Answer to Question 1
Transportation rates increase with distance but not in direct proportion to distance. This tapering-rate principle results from the carrier's ability to spread certain fixed shipment costs, such as loading, billing, and handling, over a greater number of miles. As noted by Edgar M. Hoover, a tapering rate in a one-source, one-market situation pulls the location to either the source or the market but not to a point in between.
A noted exception to the preceding rate structure is the blanket rate. The blanket rate does not increase with distance; it remains the same from one origin to all points in the blanket area. The carriers establish such rates to ensure a competitive price for a product in a given area, thereby ensuring demand for the product and its transportation. An example of a blanket rate would be the same rate on wine traveling from the West Coast to all points east of the Rocky Mountains, enabling the West Coast wine to compete with imported wines entering the East Coast.
The blanket rate eliminates any transportation cost advantage or disadvantage that companies associate with a given location. The blanket rate, then, is a mutation of the basic rate-distance relationship that eliminates the transportation rate as a locational determinant; it is the exception rather than the rule in transportation rates.
A specific blanket area is the commercial zone, the transportation definition of a particular city or town. It includes the municipality itself plus various surrounding areas. The commercial zone rates that carriers quote to a particular town or city also apply to points in the surrounding area within the commercial zone.
The commercial zone's locational impact appears near the end of the location decision process when a company selects a specific site. If the specific site is beyond the limits of a municipality's commercial zone, rates that apply to the city do not apply to the site. Also, a site outside the commercial zone reduces carrier availability, especially the availability of motor carriers that define their operating scopes in terms of point-to-point operations.
Answer to Question 2
Area test markets
Some 4050 small metropolitan areas throughout the United States are known to marketing research firms as having characteristics (e.g., demographics, socioeconomic status) that are representative of the country as a whole.
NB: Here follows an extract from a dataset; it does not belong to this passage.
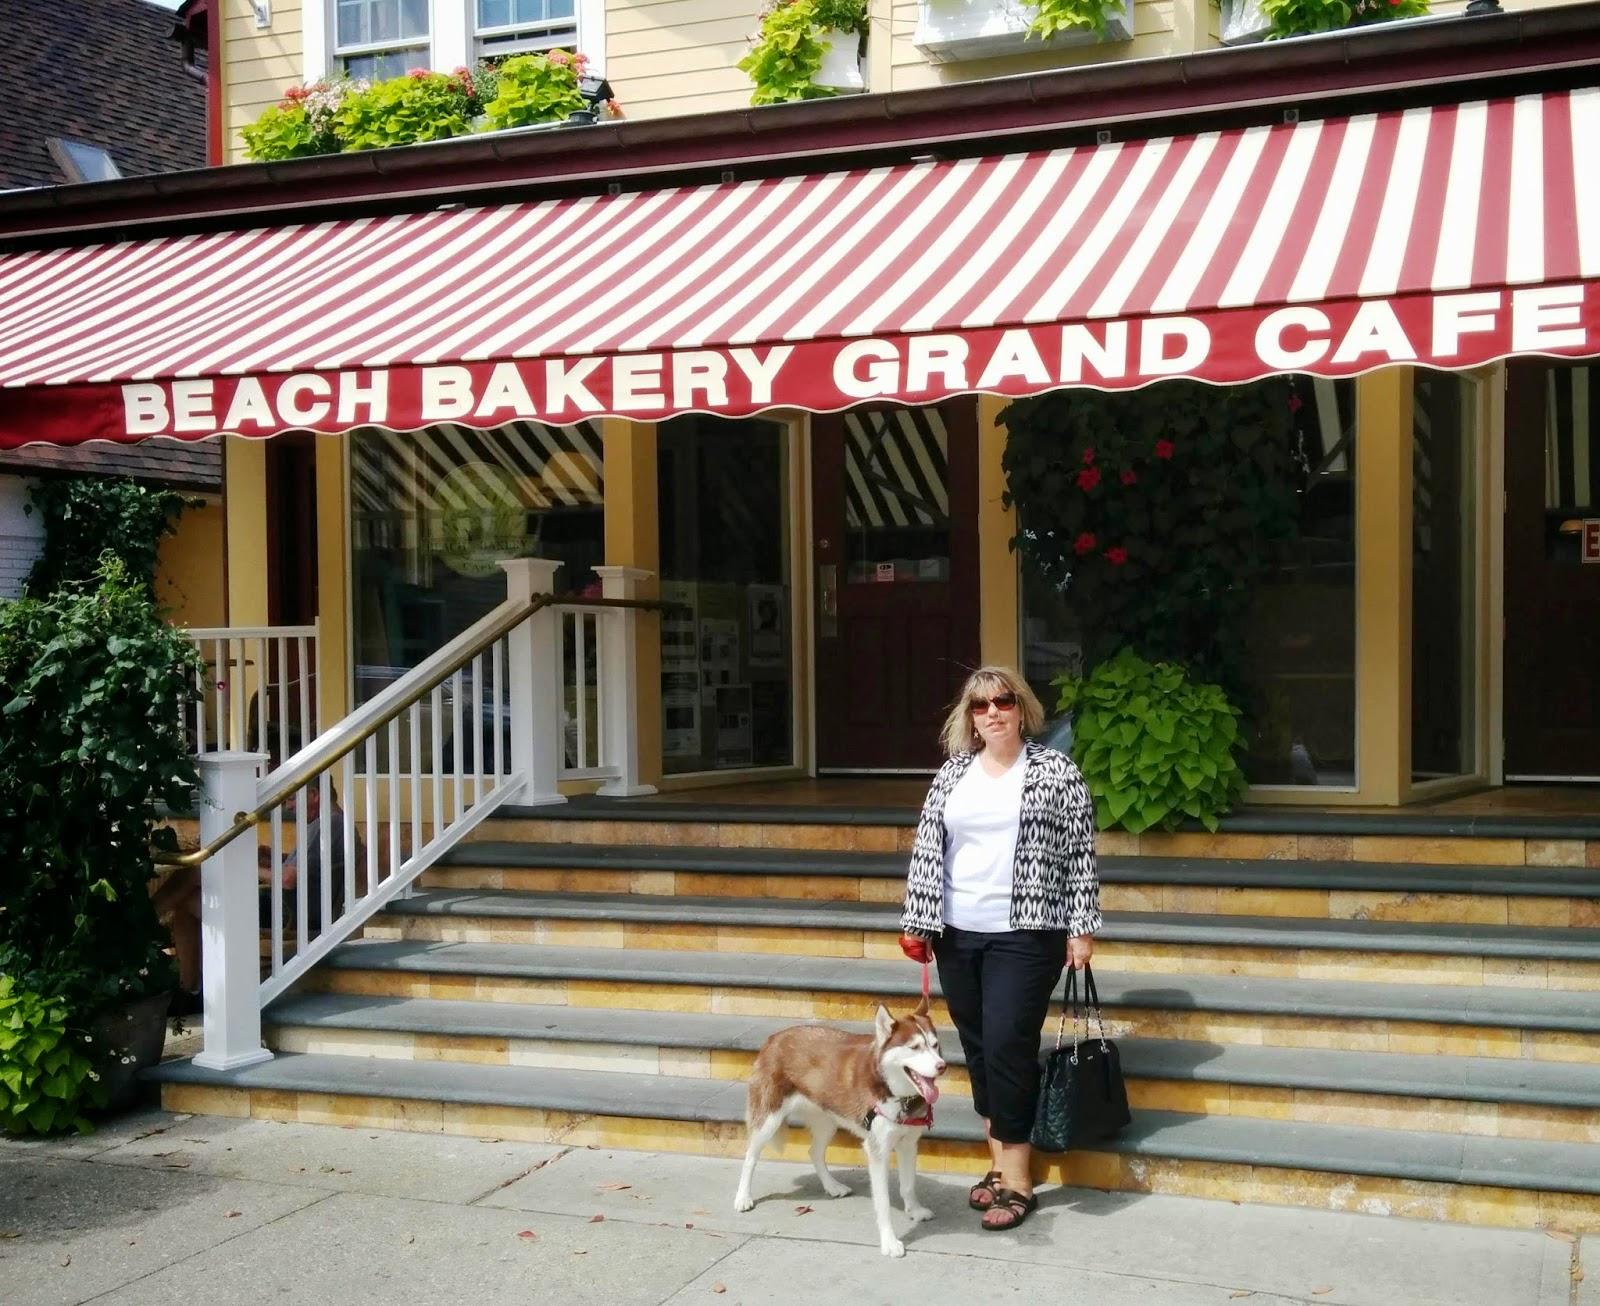 At dog friendly Beach Bakery Grand Cafe in The Hamptons, Long Island NY

A few (two or three) of these areas are randomly sampled to be test markets, in which the product is made available for purchase.
Electronic test markets
For these tests, a sample of those metropolitan areas is selected, and within each market, there are households designated to be test and others to be control.. Given the tighter constraints, the validity of the electronic test market dominates that of the area test market, and yet the marketer still doesn't have everything under control.
Simulated test markets
These tests resemble the earlier product tests but are fleshed out in full glory: the product is real, not a prototype. A customer is recruited (e.g., via a mall-intercept) to go to an office (in the mall) where he is given play money and has an opportunity to buy the new product, which is offered among competitors' or related products.